= Communist Workers Organisation (Netherlands) =

The Communist Workers Organisation (Kommunistische Arbeidersorganisatie, or KAO) was a communist group in the Netherlands. It was founded
as the Marxist-Leninist Rotterdam Group (Groep Rotterdam marxistisch-leninistisch in March 1972 by a group of dissidents from the Communist Unity Movement of the Netherlands (marxist-leninist) (KEN (ml)), following the departure of the 'Proletarian' wing of the KEN (ml) in October 1971. (This proletarian wing would later evolve into the Socialist Party.)

The Groep Rotterdam rapidly changed its name to Communists Circle of Rijnmond (marxist-leninist) (Kommunisten Kring Rijnmond (marxistisch-leninistisch), abbreviated KKR (ml)). According to a Dutch internal security service (BVD) estimate the KKR (ml) had 17 members in 1972.

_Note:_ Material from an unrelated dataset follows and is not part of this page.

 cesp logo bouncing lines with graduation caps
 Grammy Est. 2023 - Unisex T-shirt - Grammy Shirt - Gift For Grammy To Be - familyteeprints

In 1974 KKR (ml) renamed itself to the Communist Organisation of Rotterdam and Surroundings (marxist-leninist) (Kommunistische Organisatie Rotterdam en Omstreken (marxistisch-leninistisch), abbreviated KORO (ml)). The following year the name of the organization was changed once again, now to KAO. The shift from KORO (ml) to KAO marked, in the understanding of the group itself, a step from being a local organisation to a national party-building one.

The same year, the KAO was engaged in unity talks held amongst the Dutch fringe left. This included the KEN (ml), the organisation of which the KAO was a split, as well as several other organisations that
had split from the KEN (ml):

- the Group of Marxist-Leninists/Red Dawn (GML),
- the Communist Circle of Breda (marxist-leninist) (KKB (ml))
- the League of Dutch Marxist-Leninists (BNML).

Excluded from these talks were the Socialist Party (that had moved away from the Maoist orthodoxy), Red Youth (which had developed a terroristic orientation) and the Marxist-Leninist Party of the Netherlands (a BVD proxy).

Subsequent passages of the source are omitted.